Use this file to discover all available pages before exploring further.

Overview

The generate() method is the recommended way to execute your agent when you want automatic trace collection, timing, and inference result creation. It handles the complete lifecycle:
  1. Initializes trace collection
  2. Executes your agent with timing measurement
  3. Creates/updates the inference result with all metadata
  4. Saves collected traces to the platform
  5. Cleans up trace context (prevents memory leaks)
This is the recommended method for production use as it handles all trace lifecycle management automatically.

Agent Options

The quickest way to get started. Your function receives just the latest user message as a string.
def my_agent(user_message: str) -> str:
    # In a real scenario, call your model here
    return f"Your model output to: {user_message}"
All three signatures work with evaluations.run(), inference_results.generate(), and simulator.simulate().
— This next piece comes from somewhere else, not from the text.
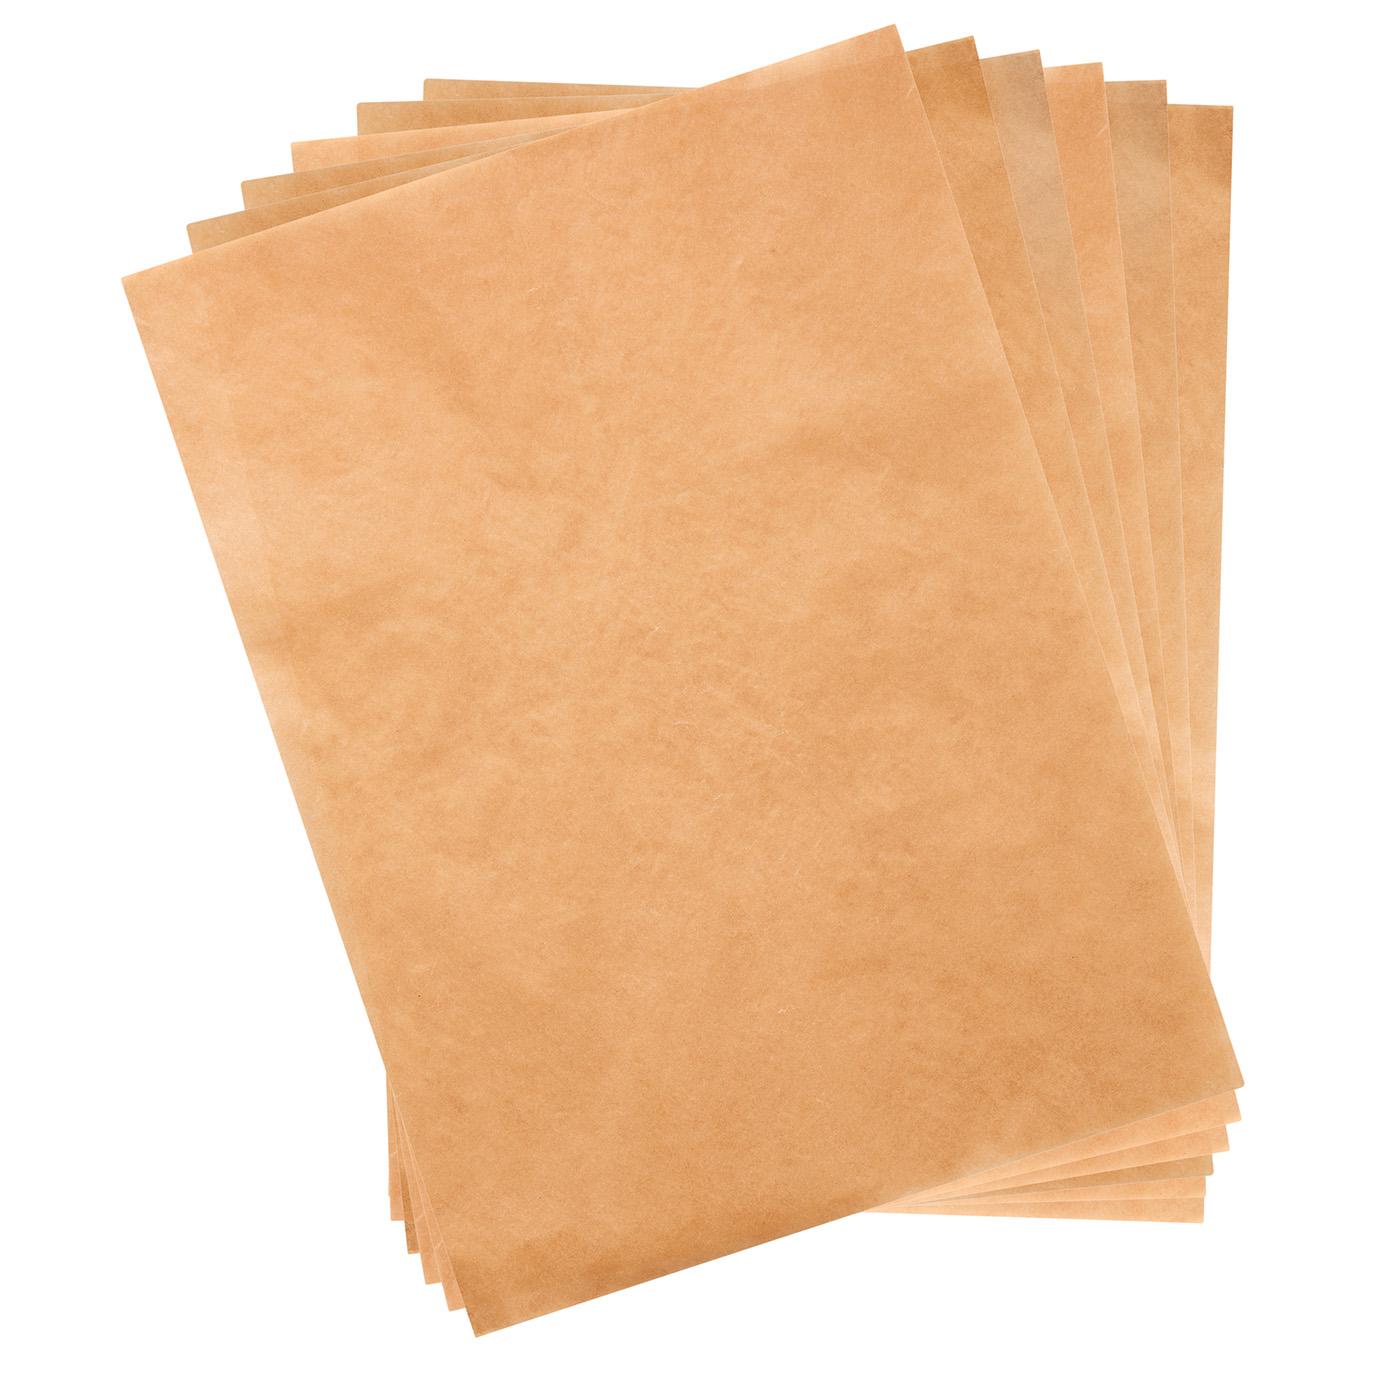 Beyond Gourmet Pre Cut Half Size Non Stick Parchment Paper

Both sync and async functions are supported. The SDK auto-detects which signature you’re using from the type hint on the first parameter.For the full list of fields available on AgentInput (including structured input access via message metadata), see the AgentInput reference.

Parameters

agent
AgentType
required
The agent function to execute. Supported signatures:
  • Simple: (user_message: str) -> str — receives last user message
  • Chat History: (messages: list[dict]) -> str — receives full chat history (OpenAI format)
  • Structured: (input_data: AgentInput) -> AgentResponse — structured input/output. See the AgentInput reference for all available fields including structured input access via message metadata.
Both sync and async functions are supported. Use the structured signature when you need usage_info, cost_info, or retrieval_context.
session
Session
required
The session object to associate the inference result with. Obtain via galtea.sessions.create() or galtea.sessions.get().
input
str | dict
The input to send to the agent. Accepts a plain string or a dict with structured fields (e.g. {"user_message": "hello", "chat_type": "support"}). Stored directly in the inference result. If not provided and the session is test-based, the test case input is used automatically. Required for production/monitoring sessions.
throw_if_empty_agent_response
bool
If True, raises a ValueError when the agent returns an empty response. Defaults to False.
context_data is automatically fetched from the session’s test case and passed to the agent via AgentInput.context_data. No need to provide it explicitly.

Returns

Returns an InferenceResult object with all captured data.

Example

# Define your agent function
def my_agent(user_message: str) -> str:
    return f"Response to: {user_message}"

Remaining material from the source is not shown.